WORK INSTRUCTION:
Please reproduce the data exactly, excluding any pictures it contains.

START EXERCISE DATA

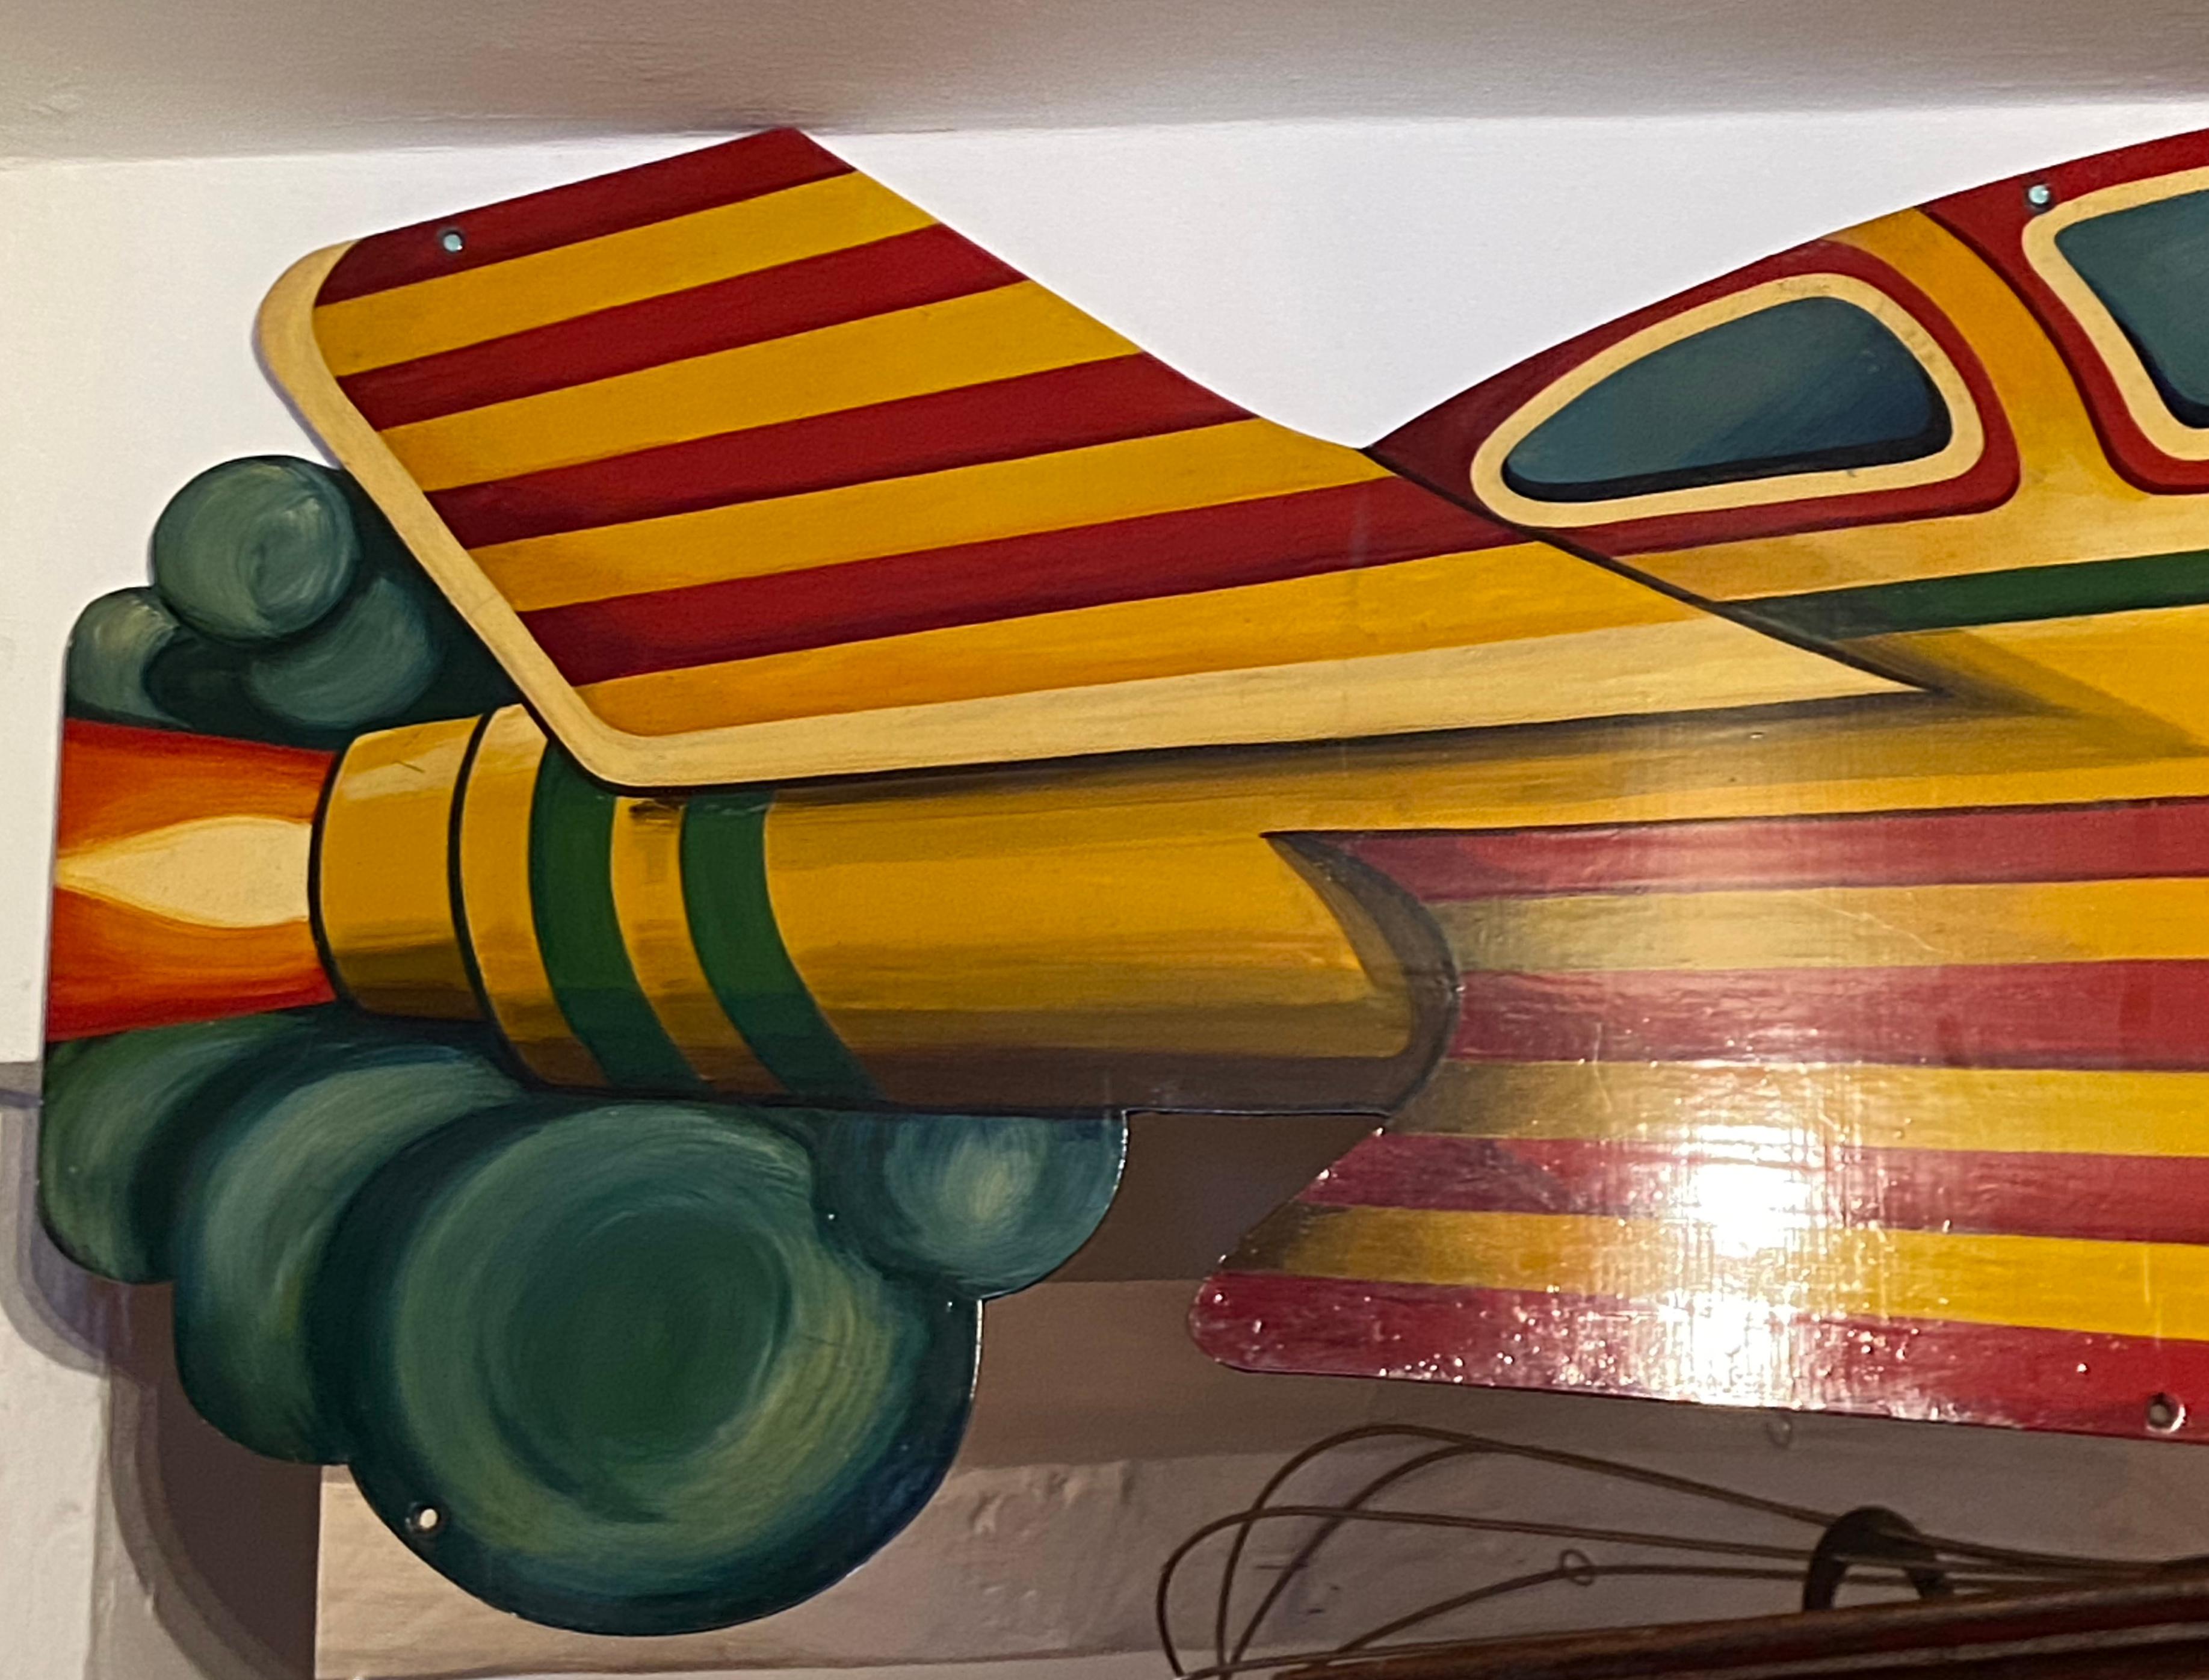 Wonderful metal hand painted Spaceship, Racing Aircraft by Anna Carter, signed and dated 1997.

Carters steam fair is a traditional English travelling funfair with rides dating from the 1890s-1960s. The Carters soon became known as specialists in
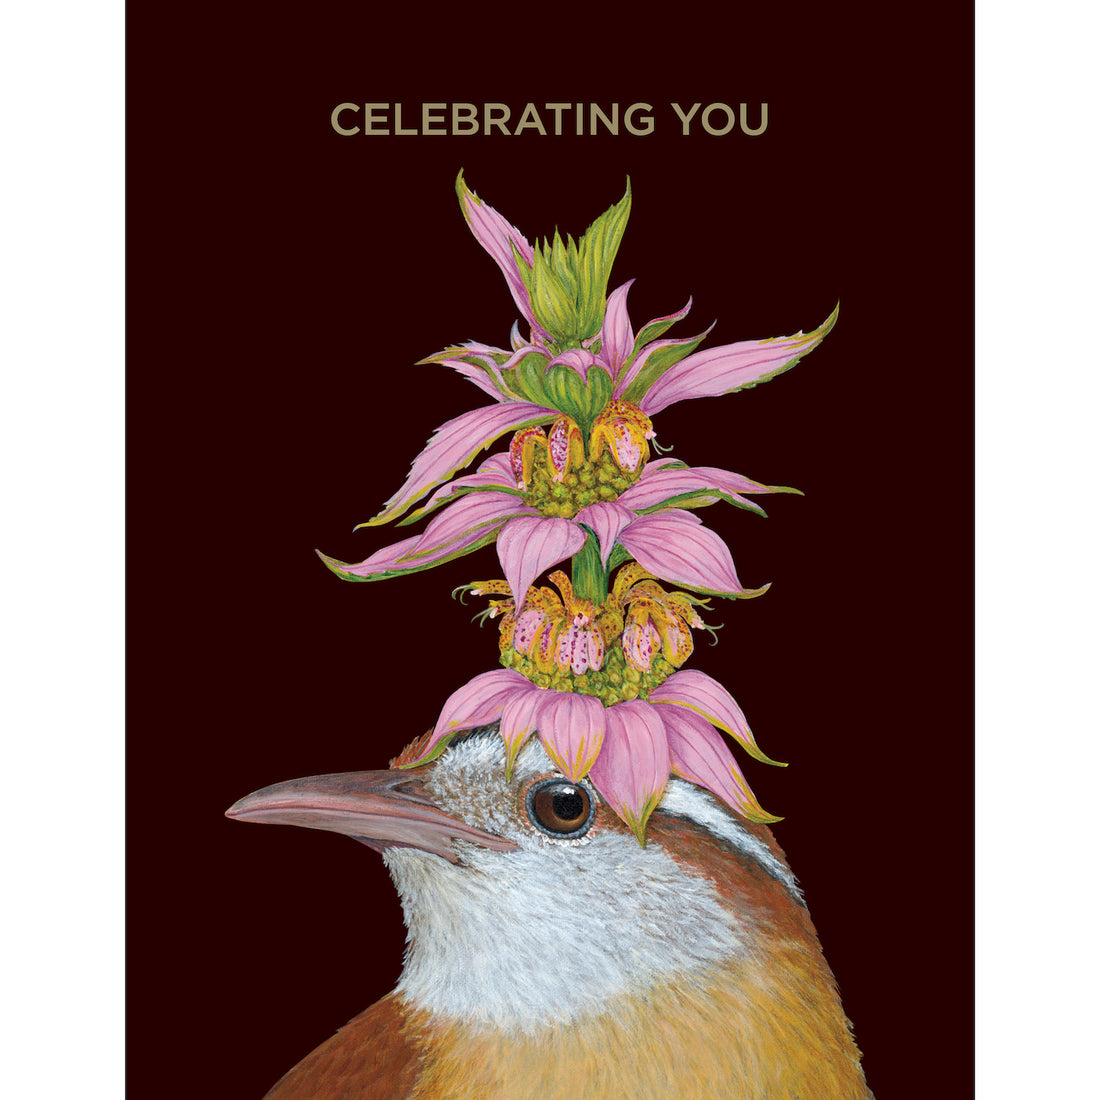 A whimsical painting of a bird with flowers on its head by Hester &amp; Cook&
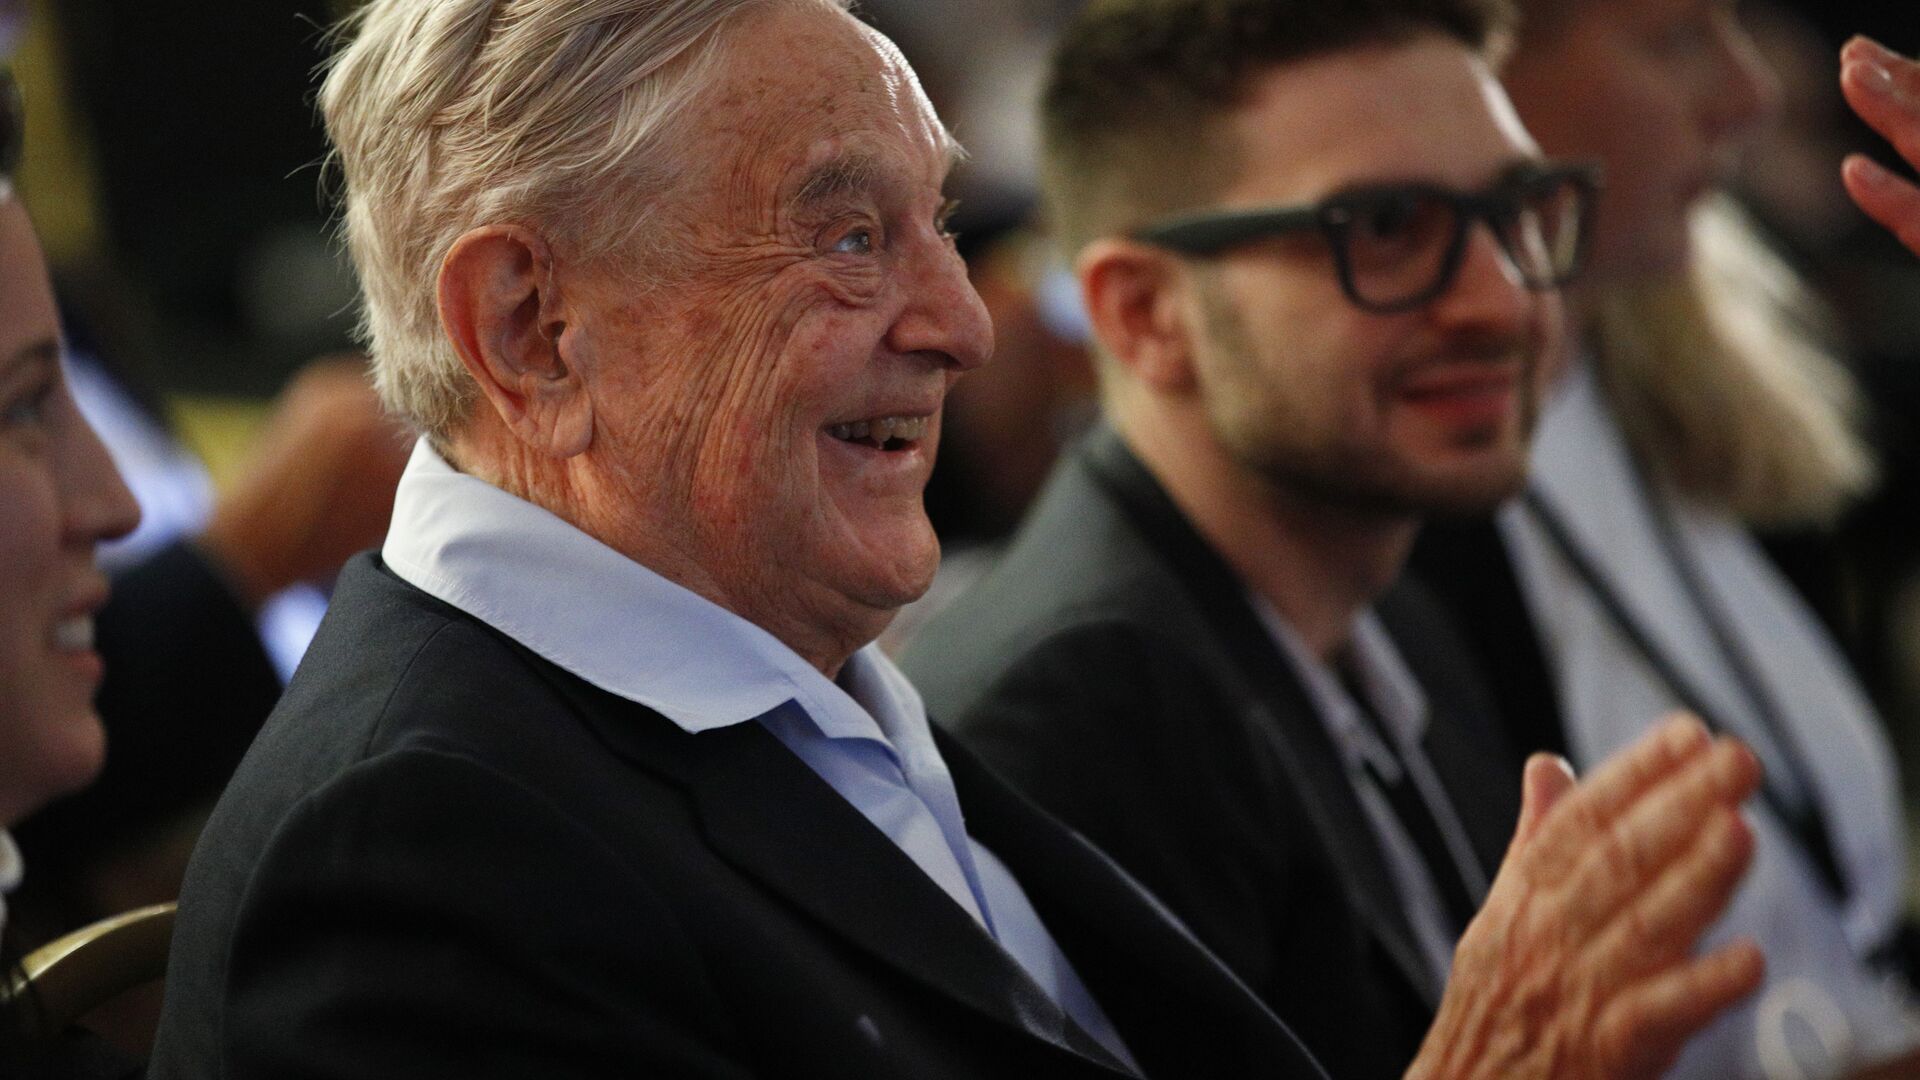 George Soros, Founder and Chairman of the Open Society Foundations attends the European Council On Foreign Relations Annual Council Meeting in Paris, Tuesday, May 29, 2018 - Sputnik International, 1920, 26.10.2021

END EXERCISE DATA

REPLY TO THE EXERCISE:
 Wonderful metal hand painted Spaceship, Racing Aircraft by Anna Carter, signed and dated 1997.

Carters steam fair is a traditional English travelling funfair with rides dating from the 1890s-1960s. The Carters soon became known as specialists in
 A whimsical painting of a bird with flowers on its head by Hester &amp; Cook&
 George Soros, Founder and Chairman of the Open Society Foundations attends the European Council On Foreign Relations Annual Council Meeting in Paris, Tuesday, May 29, 2018 - Sputnik International, 1920, 26.10.2021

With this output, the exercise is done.